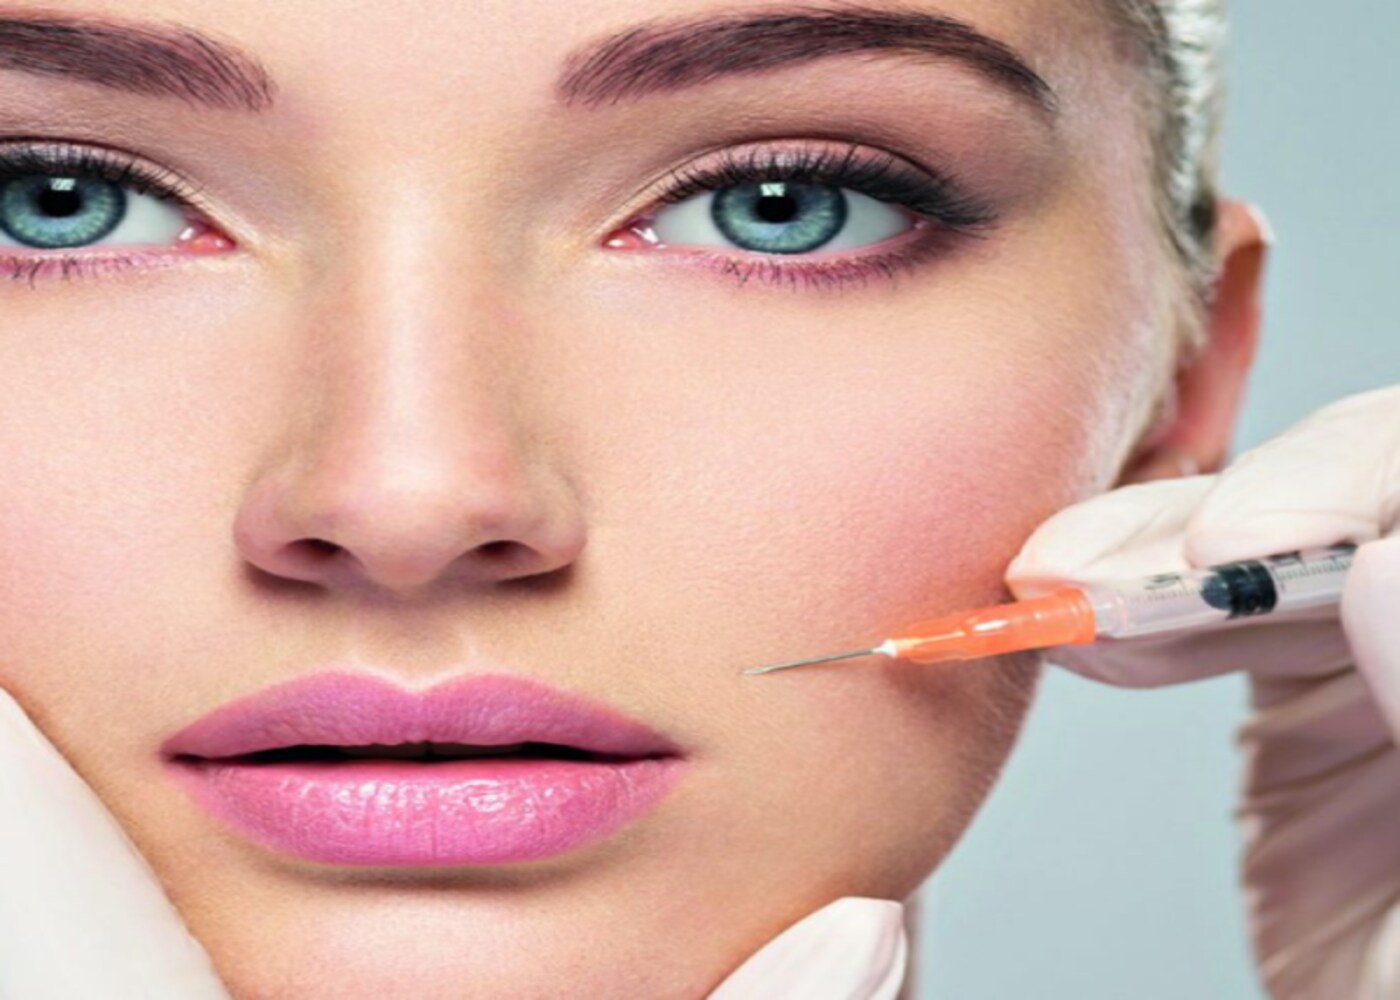 Why Should You Choose Rejeunesse Lip Filler for Lip Filler and Body? - WriteUpCafe.com
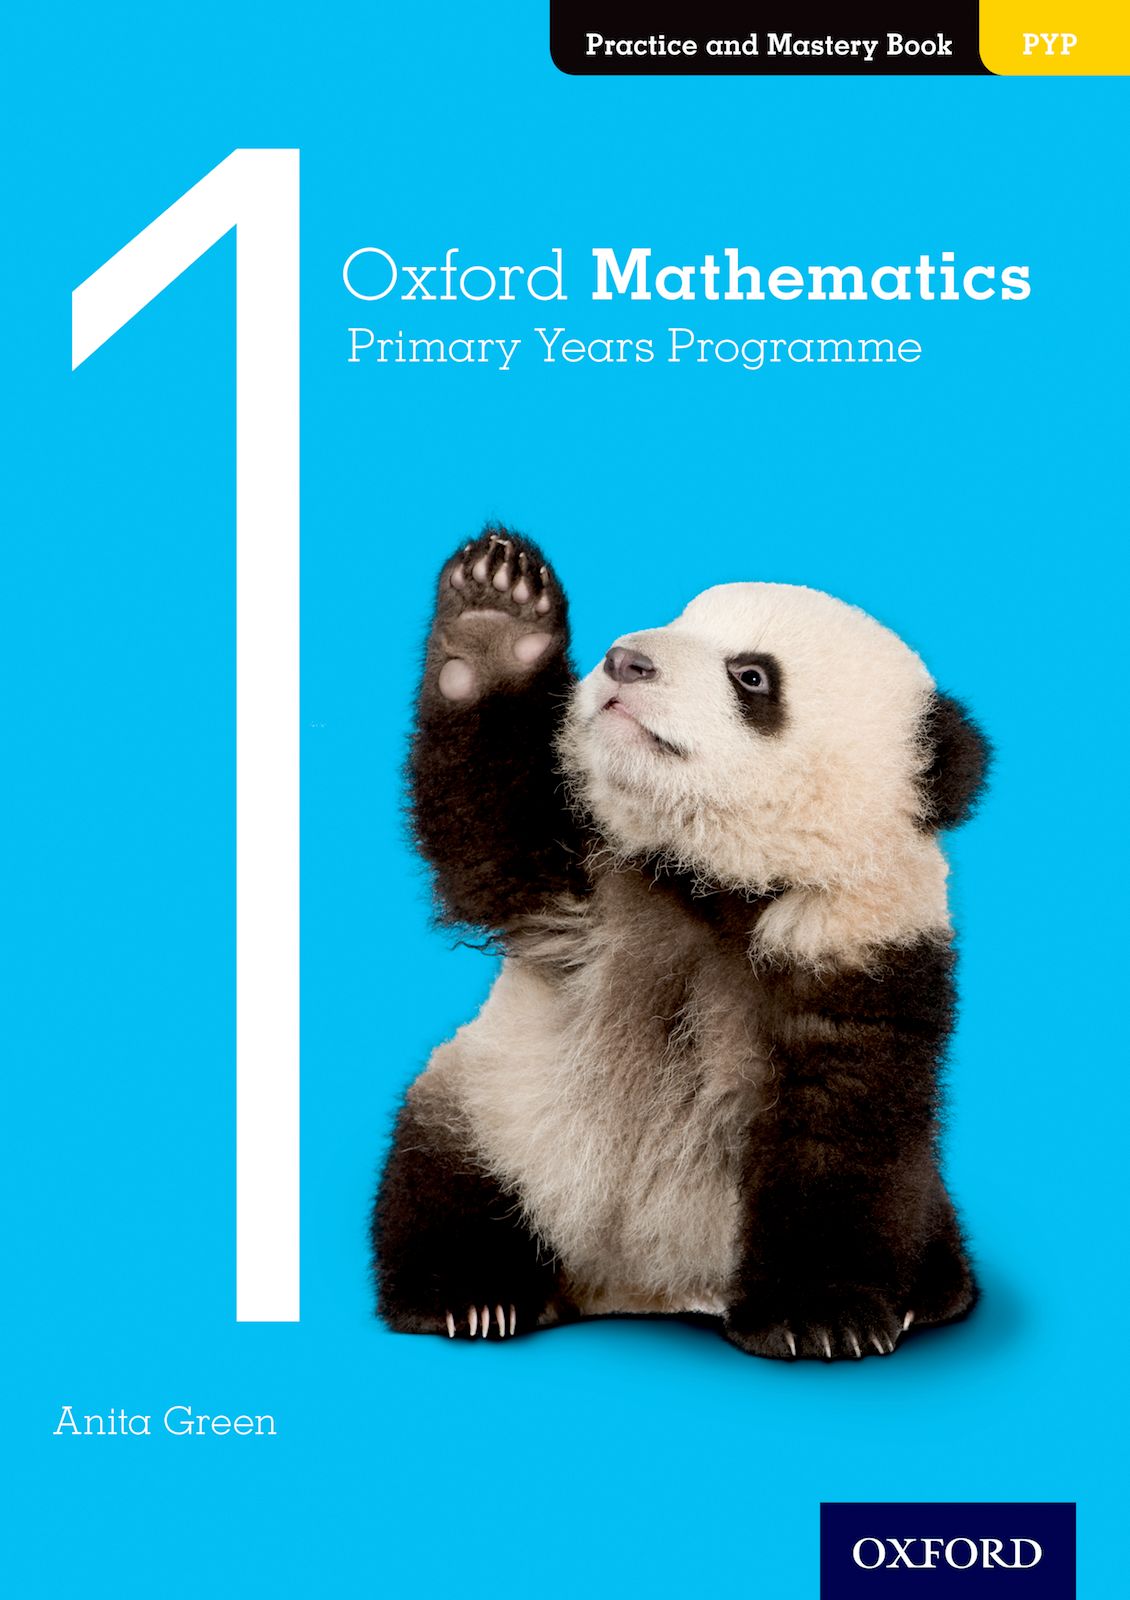 Featured image for “Oxford Mathematics Primary Years Programme Practice and Mastery Book 1”
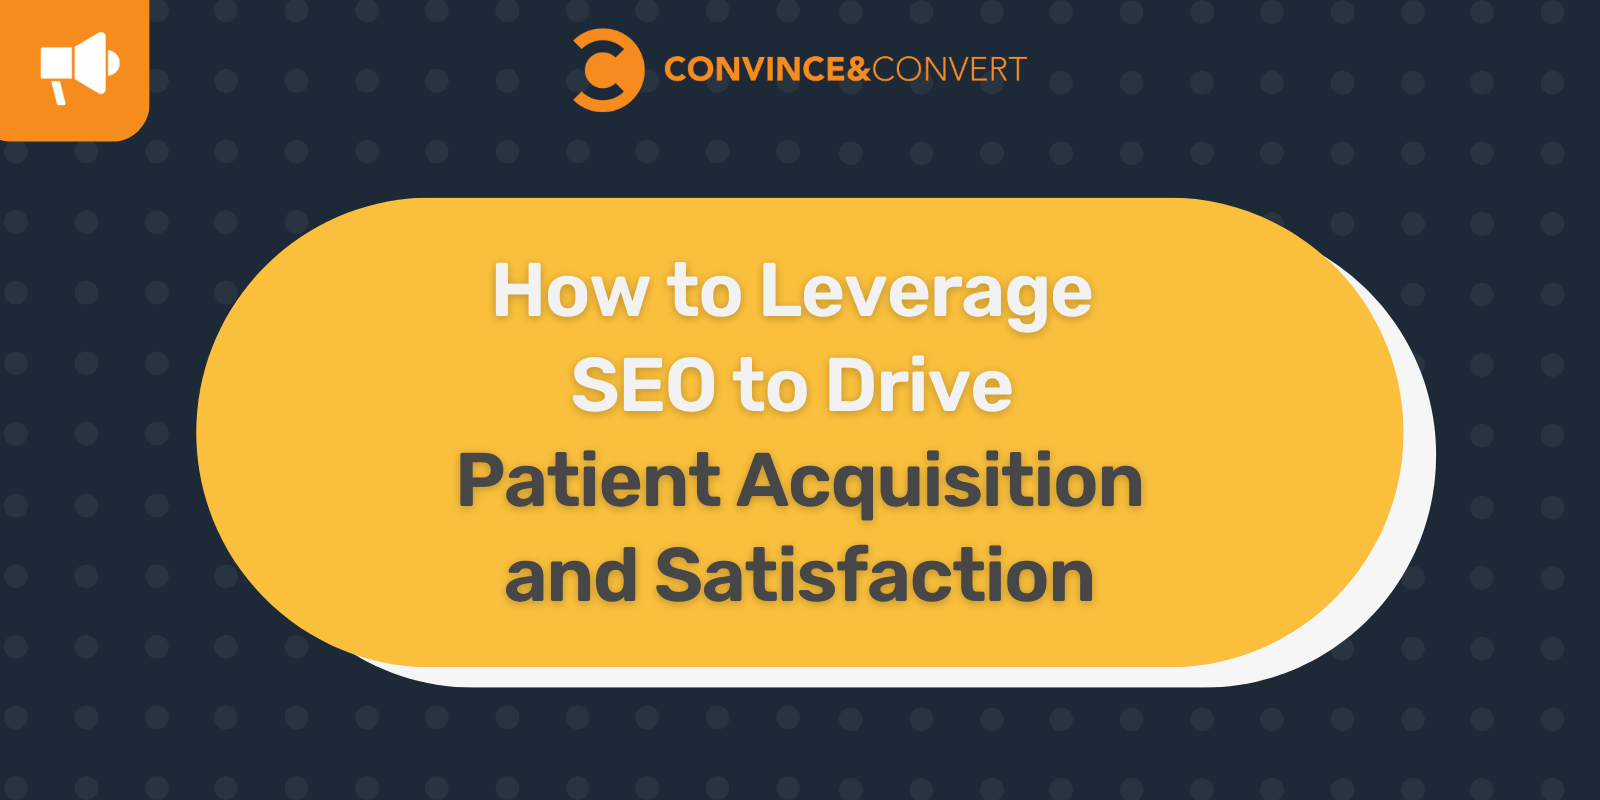 How to Leverage SEO to Drive Patient Acquisition and Satisfaction (1)

* _WORK REQUEST_
Give the listing again exactly, minus its images.

* _RESPONSE AREA_
 Why Should You Choose Rejeunesse Lip Filler for Lip Filler and Body? - WriteUpCafe.com
 Featured image for “Oxford Mathematics Primary Years Programme Practice and Mastery Book 1”
 How to Leverage SEO to Drive Patient Acquisition and Satisfaction (1)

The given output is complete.